Data records START

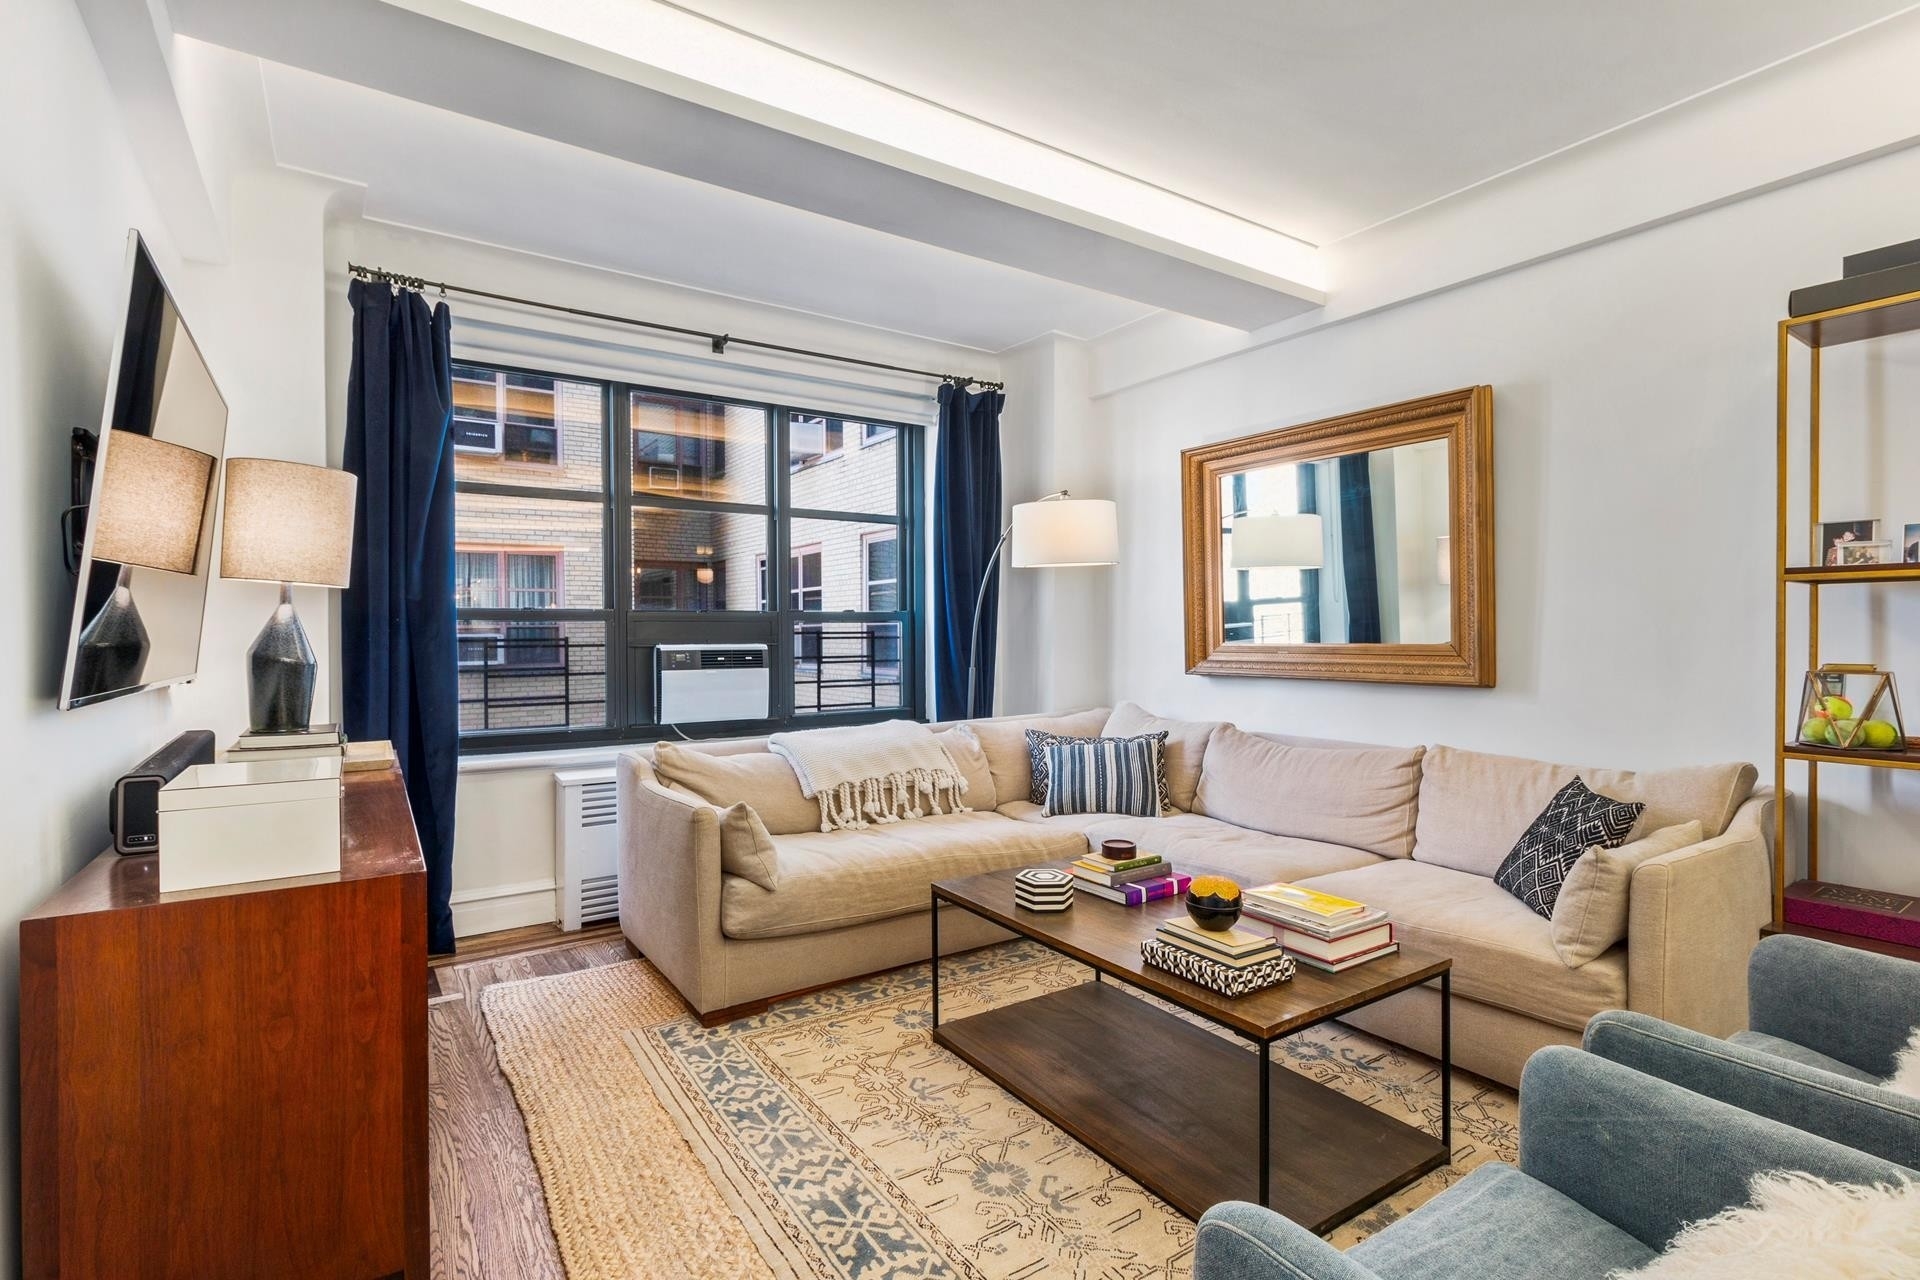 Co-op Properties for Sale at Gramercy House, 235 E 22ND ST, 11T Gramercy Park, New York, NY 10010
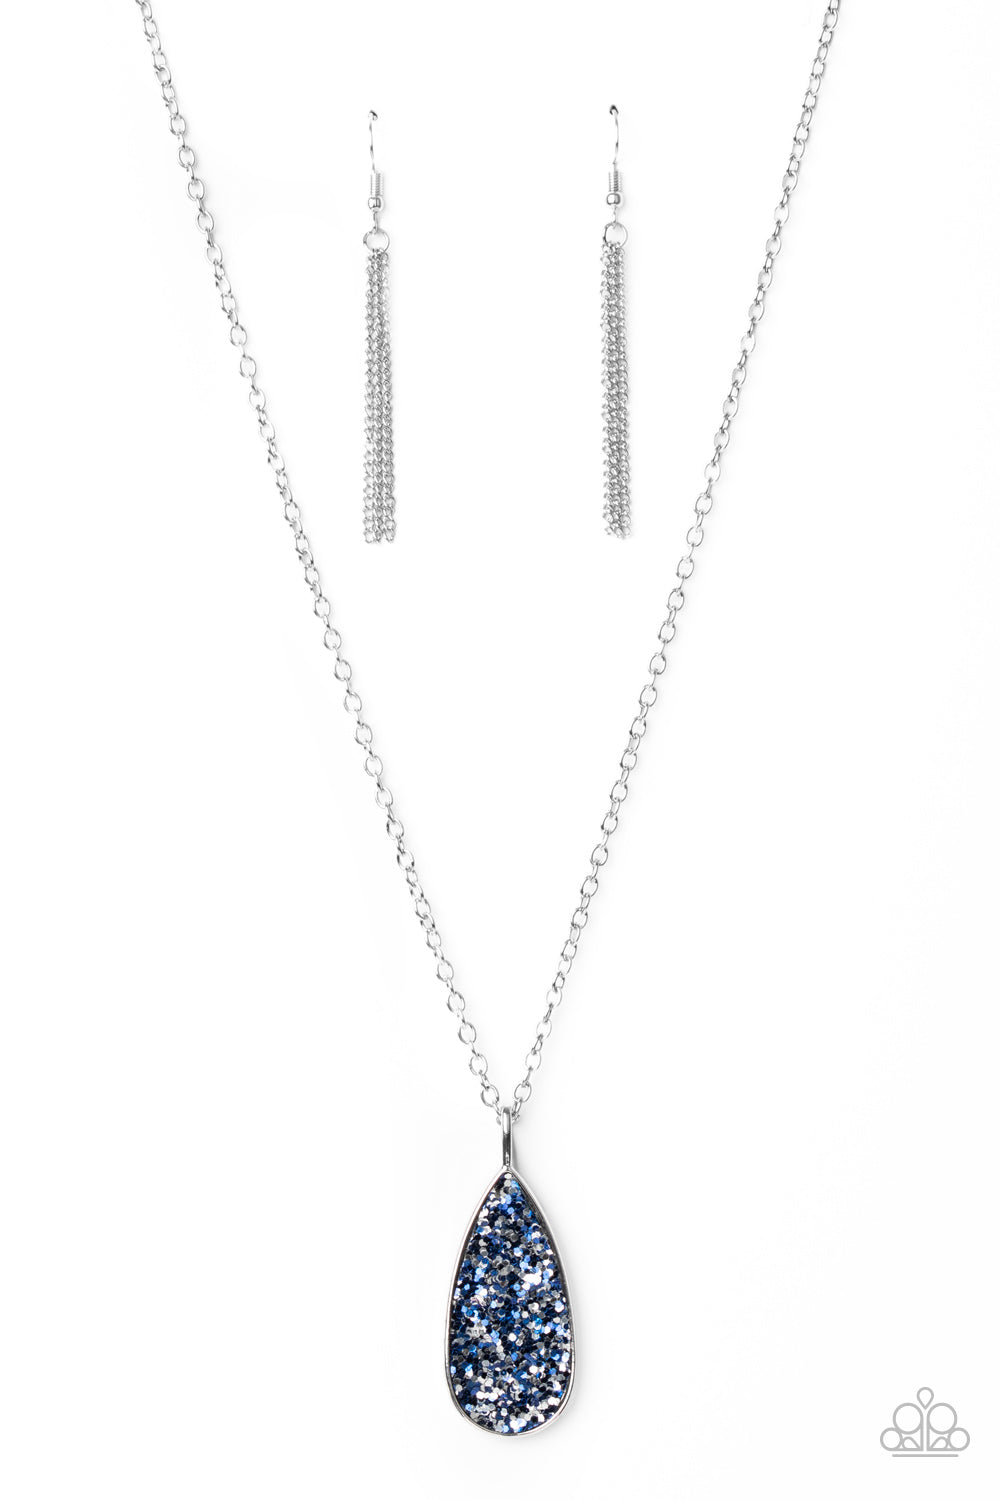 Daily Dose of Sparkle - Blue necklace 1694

Data records END
Data records START

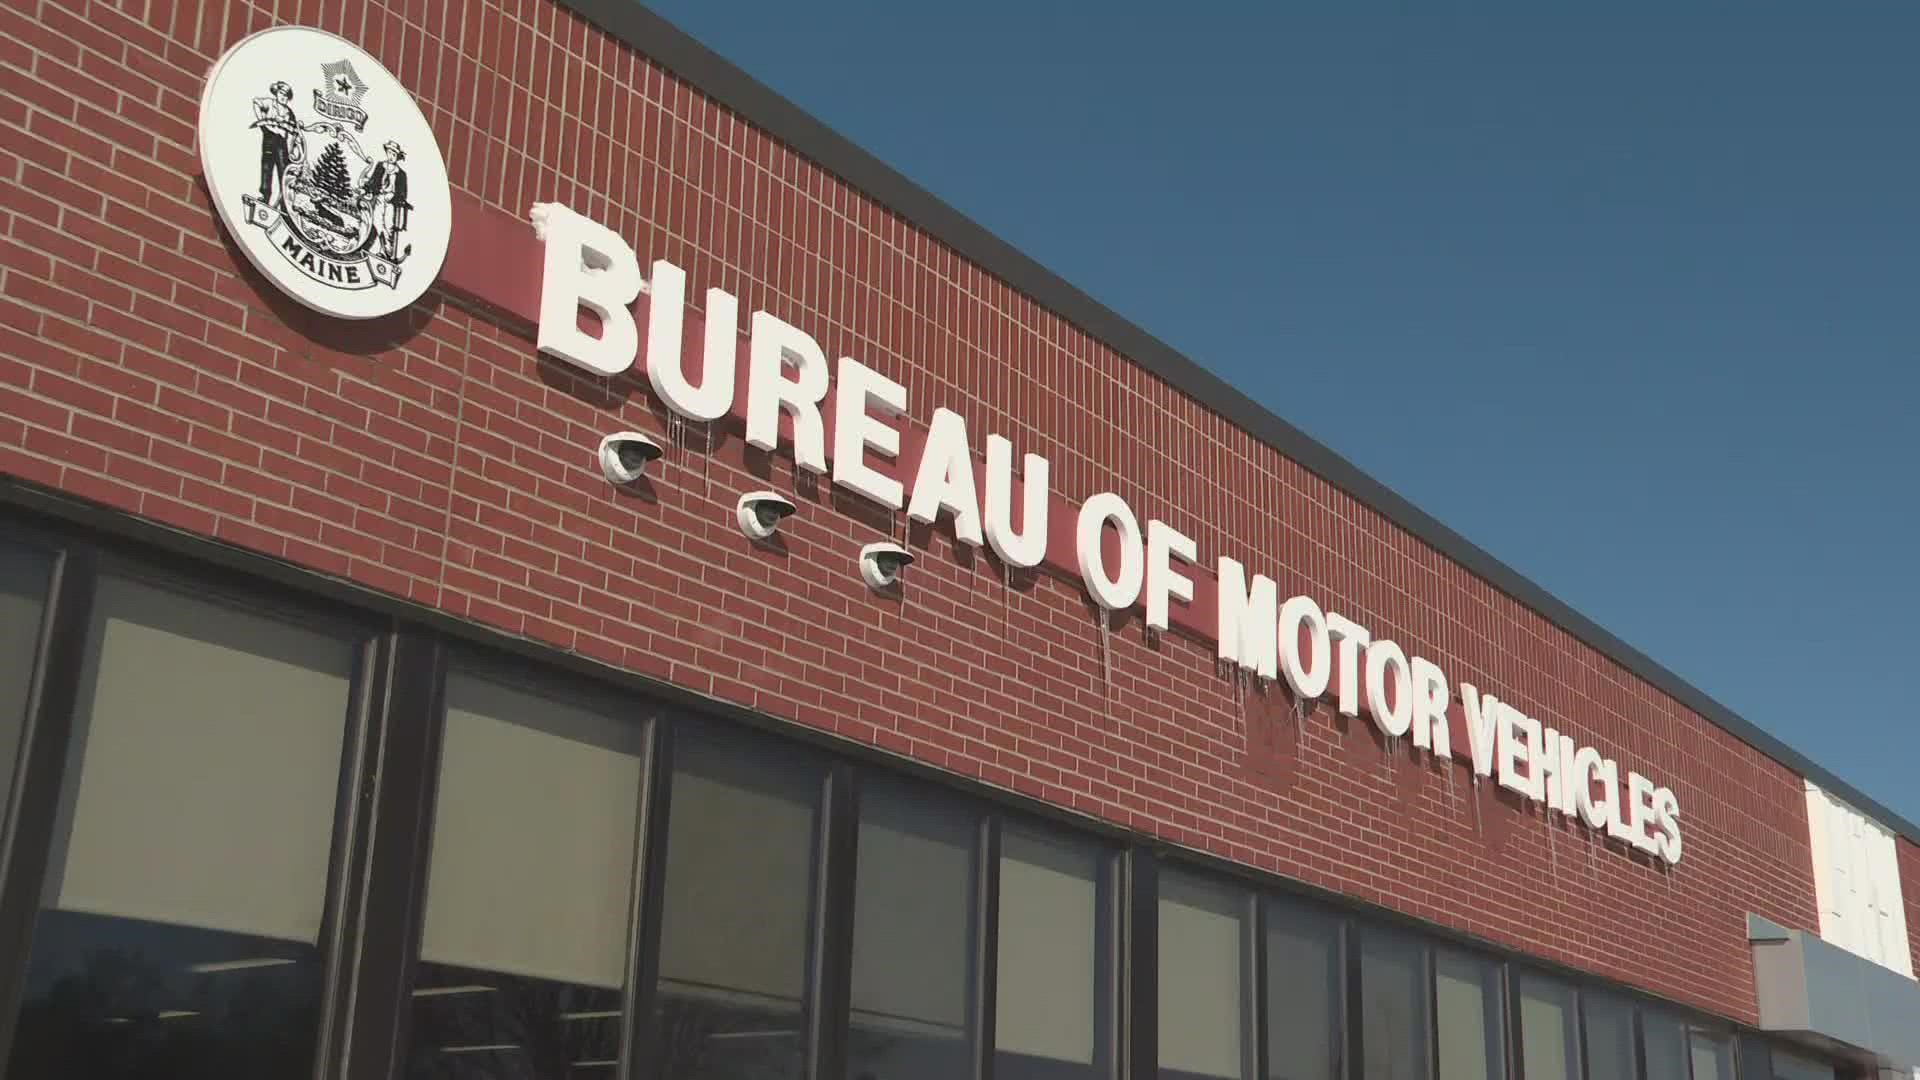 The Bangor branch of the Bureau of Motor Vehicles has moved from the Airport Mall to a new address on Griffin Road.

Data records END
Data records START

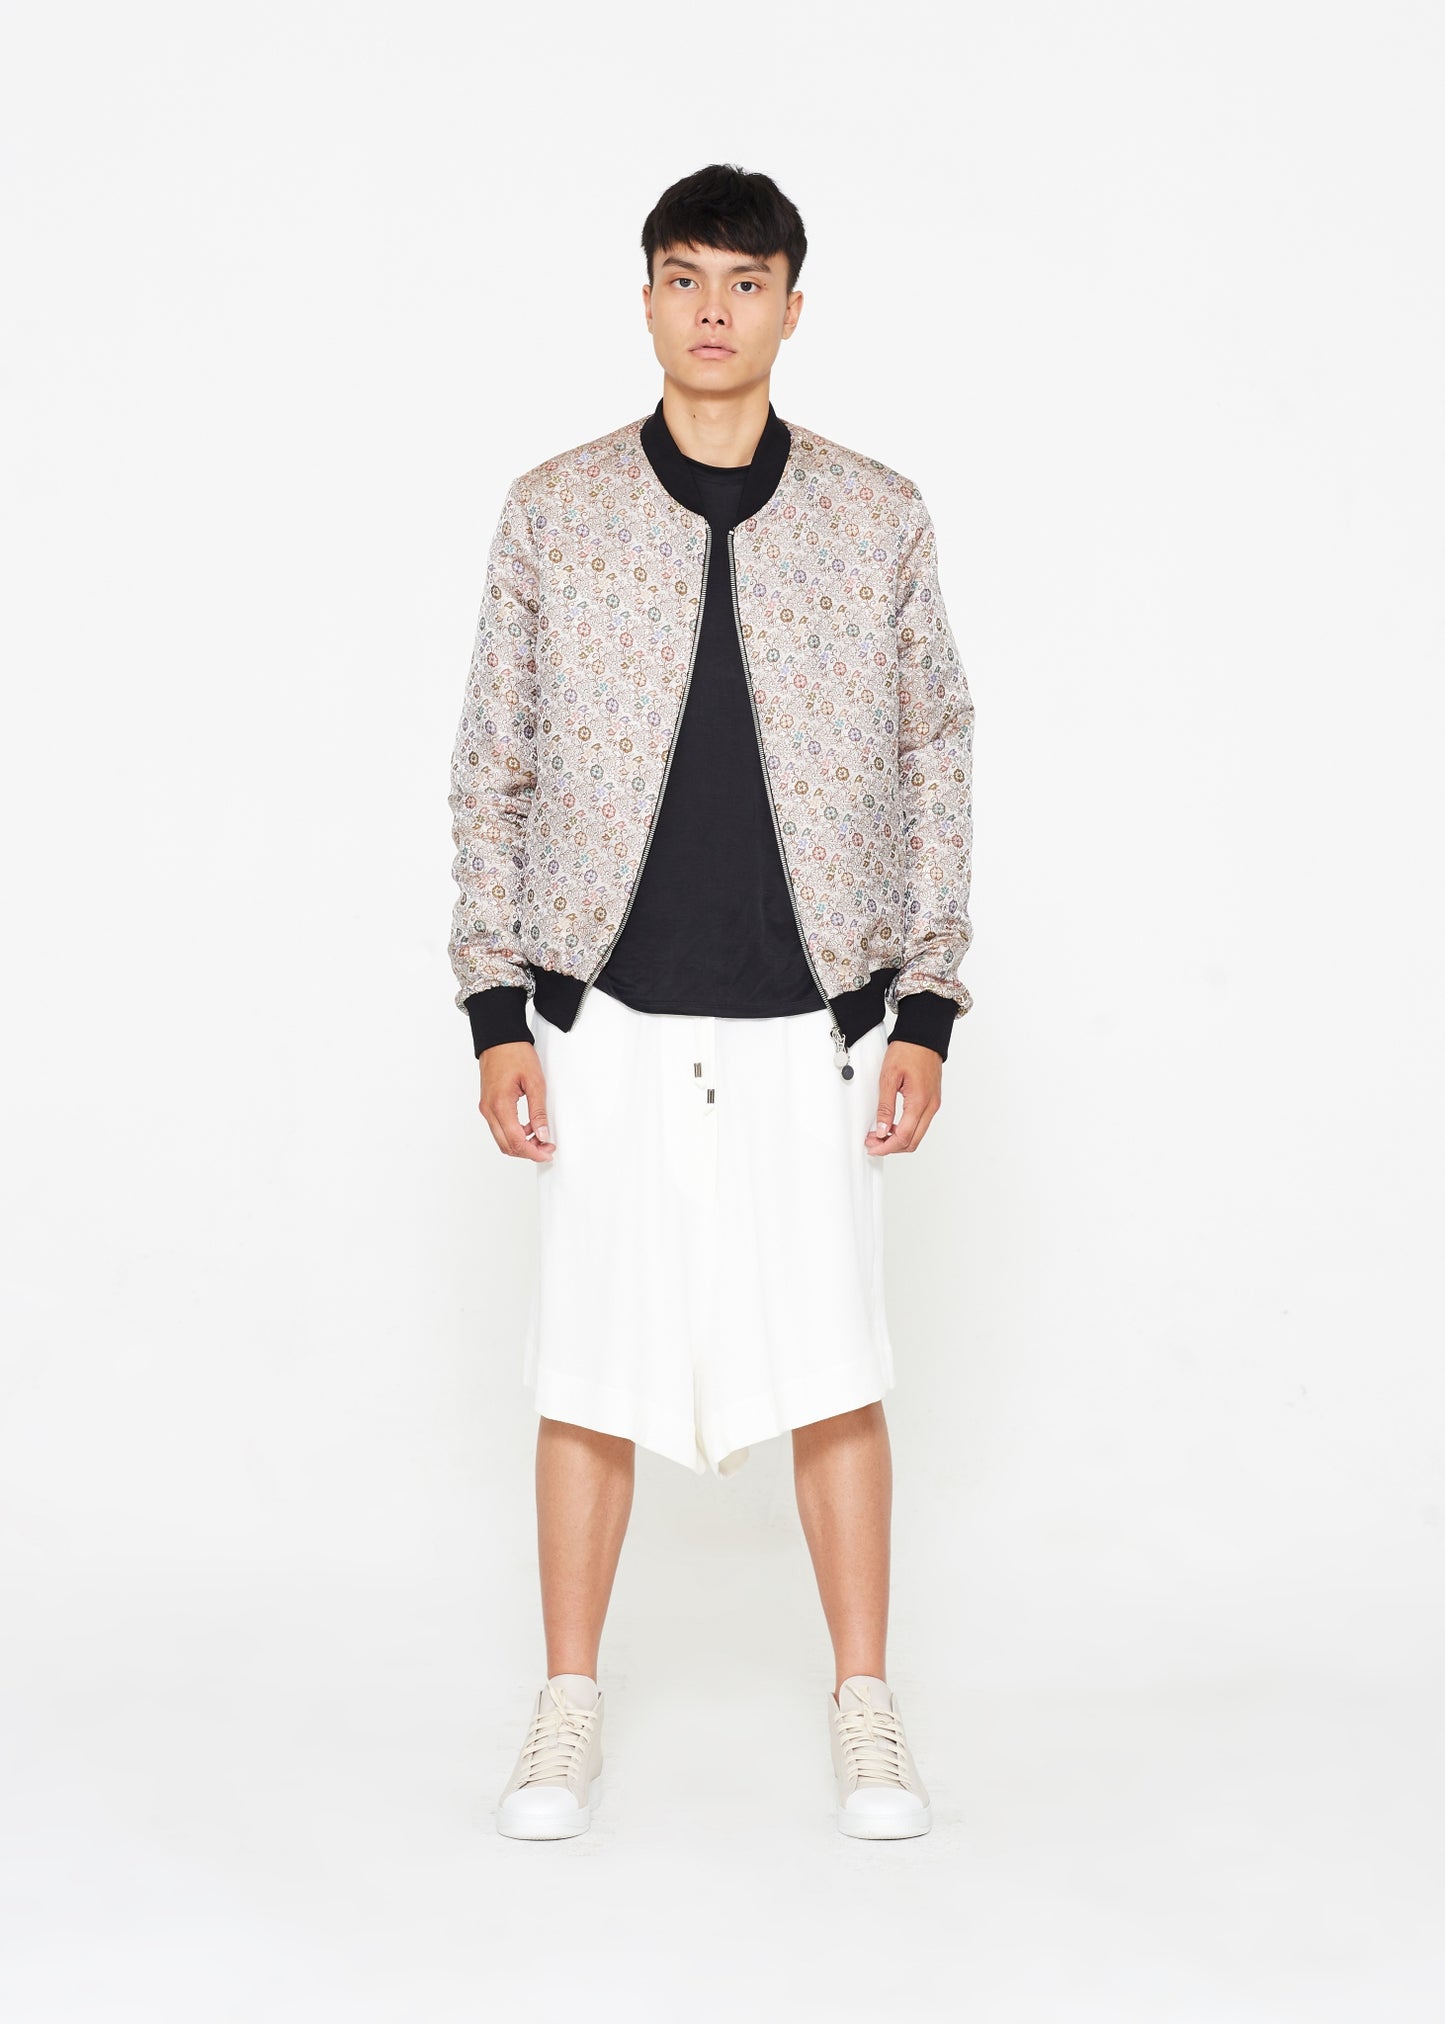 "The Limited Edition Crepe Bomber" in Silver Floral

Data records END

Quote the lines above exactly, starting with the one that has "Co-op Properties for" and ending with the one that has "Daily Dose of Sparkle - Blue necklace 1694"; drop the pictures and include nothing else.

 Co-op Properties for Sale at Gramercy House, 235 E 22ND ST, 11T Gramercy Park, New York, NY 10010
 Daily Dose of Sparkle - Blue necklace 1694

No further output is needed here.